Super Me

* Here I am as a superhero.  (Make yours here.)

Yes, it would be cool to patrol the city as a superhero.  But most superheroes operate at night, and that's when I have to produce the news.  I suppose, in a way, I am a hero - defeating lame news copy with my superhuman writing abilities.  Or maybe I'm a super-villain, since I hate pretty much everyone and everything.  Whatever the case, I look pretty damn good in spandex, according to the artist's rendering.

This must be the worst prom dress ever.  Is that what I think it is on the front of that dress?  I'm afraid to see her date's tuxedo pants.

66% of women would dump a guy after a bad first kiss.  The way I prevent that is to never stop kissing them once I start.  Seriously.  My tongue remains on her until she can outrun me.

Facebook users have lower GPAs.  Probably because they spend more time super-poking than studying.  I'm pretty sure I will have a deathbed regret that I did not super-poke enough.

* The creepy Duggar family already has 18 kids.  They've annoyingly named each something beginning with a "J."  Now they're going to get their first grandkid.  Fact: Your vagina is not a clown car.  Stop having babies.

After your first child dies falling out a window, you might consider not leaving it open for other children to... too late?  Yeah, too late.  Close that window before you have any more, okay?

Mayor Daley does not use e-mail.  I bet he hired some bumbling nephew to handle his e-mail.  According to my patronage conversion chart, that job would pay... $752,000/year.

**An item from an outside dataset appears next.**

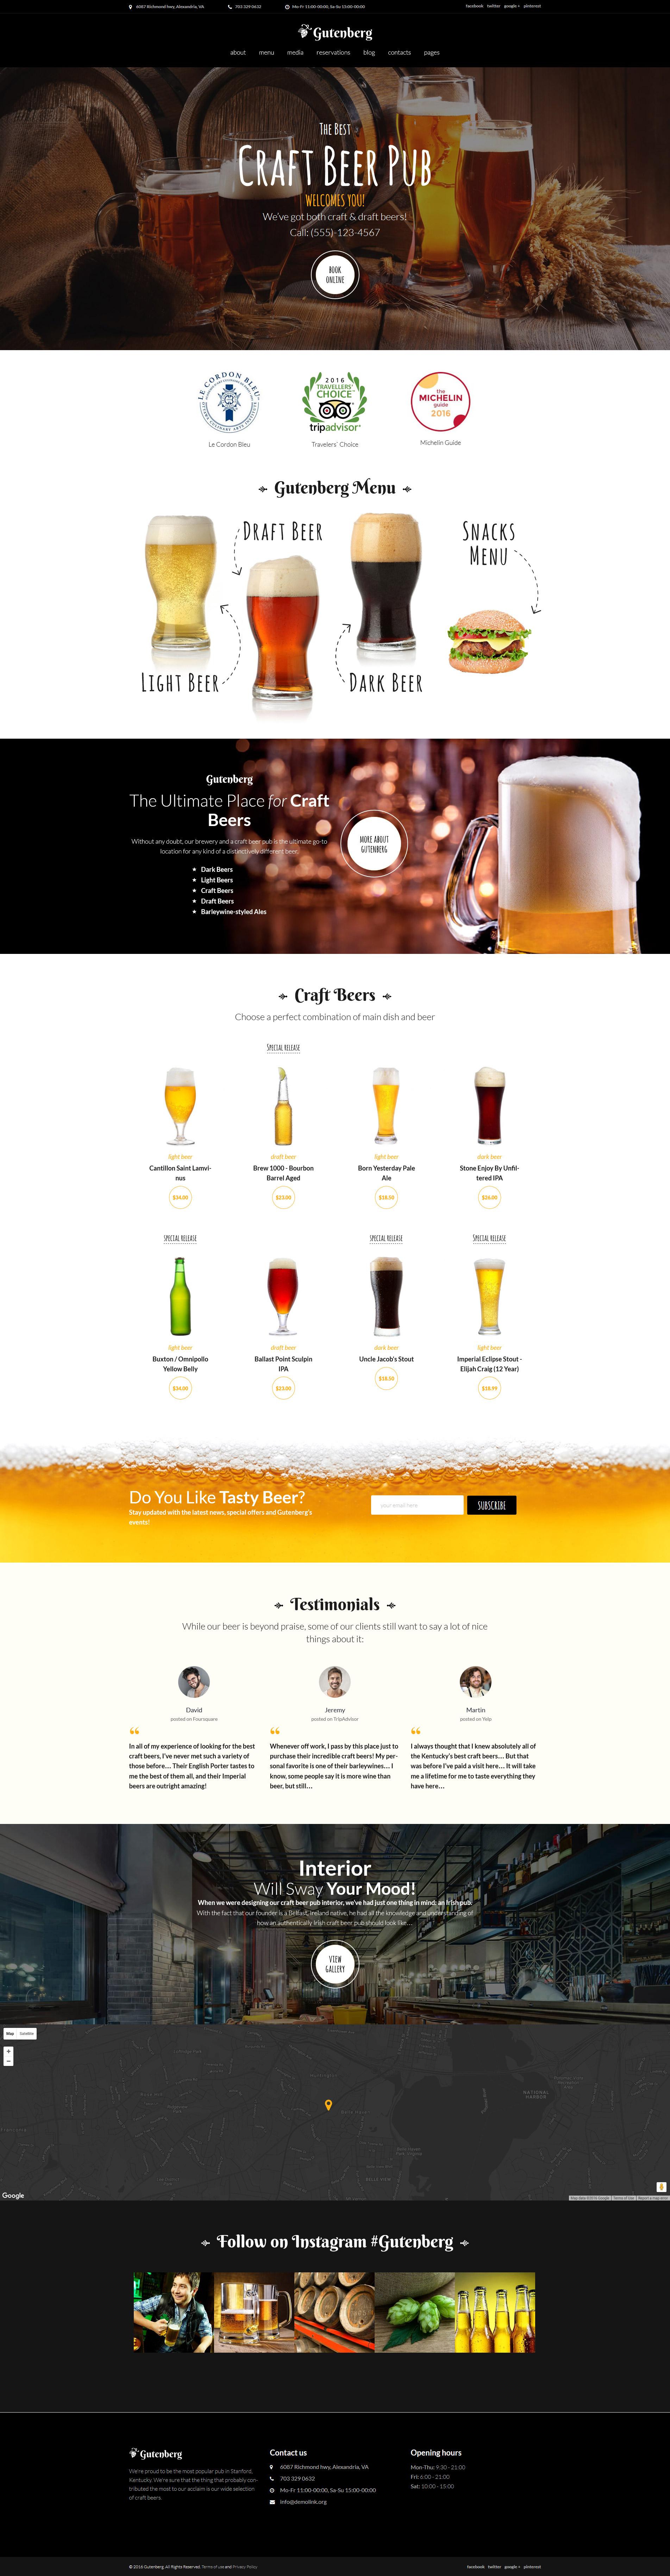 "Template WordPress Responsive #59005 ""GutenBerg - Beer Pub and Brewery"""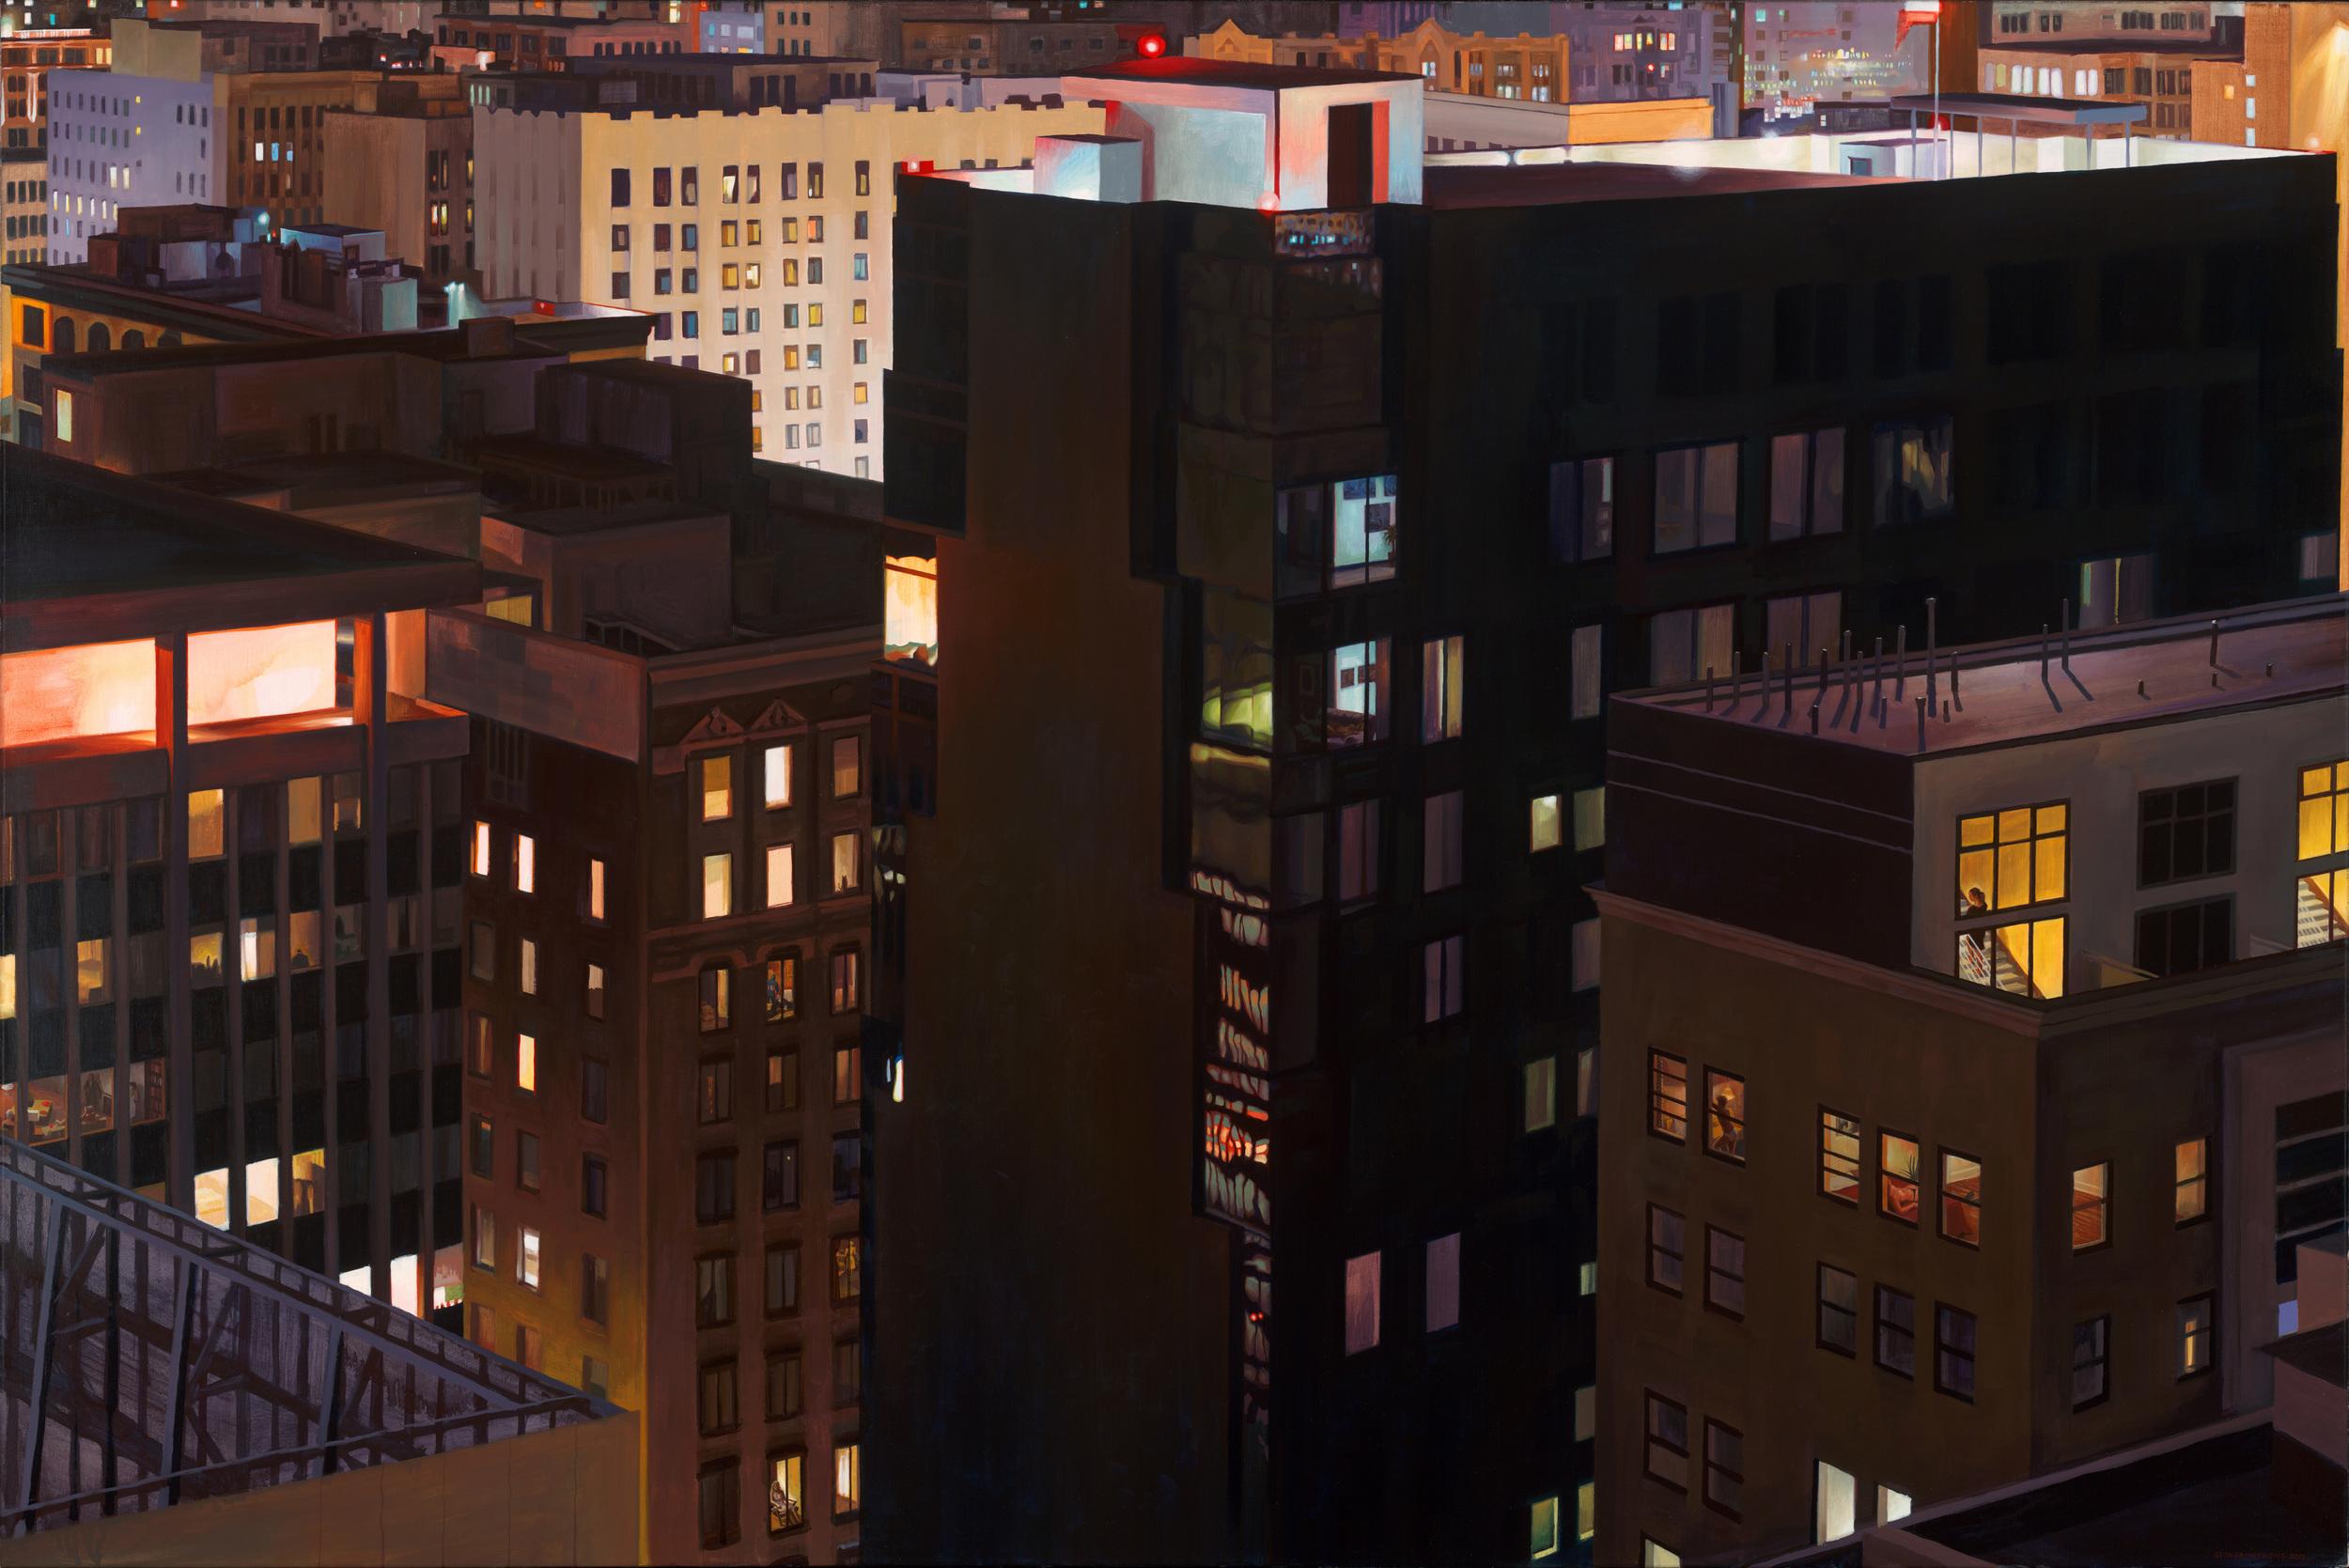 """Lovin' Thy Neighbor"", Oil on canvas, 40 x 60 in."

* I think if you can keep your car on the road while having sex and going 20 mph over the speed limit, you should receive a standing ovation, not a traffic citation.

* Depressing story: The New Economy™ is forcing collectors to sell off their prized possessions.  The article highlights a "Star Wars" collector, so I had to dry my eyes while reading that.  I plan to be buried next to my "Star Wars" collection.  I bought an extra plot just for my toys.

* Any He-Man fans out there?  See if this takes you back.  (Error: Prince Adam and He-Man cannot be in the same picture.  Lord, I'm a nerd.)

* Fellow NBCer Marcus Riley tackles the horrors of Ed Hardy lingerie.  Ed Hardy apparel is perhaps the least attractive thing a person can wear.  Why not go full bore and just wear a Zubaz thong and a Members Only bra?  And just to make sure no member of the opposite sex ever comes near you, throw on a Rod Blagojevich wig.

Your grandma is probably on Facebook.  If mine ever tries to befriend me, I'll just deny the request.  She doesn't have much longer to be disappointed in me, anyway.

* Thanks to the recession, women are ditching frilly metrosexuals for manly men.  And if things continue to tank, we may devolve enough to where it's cool to drag a woman back to your cave by her hair.  (Fingers crossed.)

* Don't you hate it when your suicide attempt fails?  Me, too.  Thankfully, there's a $50 kit to help you nail it on your first attempt.  Hell, for $50, I'll let you use the roof of my high rise.

* Tips for moms having "the talk" with their daughters.  Tip #7 - Never, ever, ever go on "Rock of Love."

* Keep your eyes peeled for famous funny people in Chicago this week.  It's the Chicago Improv Festival.  Last night, I went to the iO Theater and saw Jack McBrayer ("30 Rock") and Ike Barinholtz ("MADtv") on the stage.  Chicago is an awesome comedy town.  It's a shame so many great actors have to bolt for the coasts to find work.  I highly encourage you to get out and see some shows this week.  (Yes, Whiskey Rebellion is playing a Saturday night show as part of the festival.)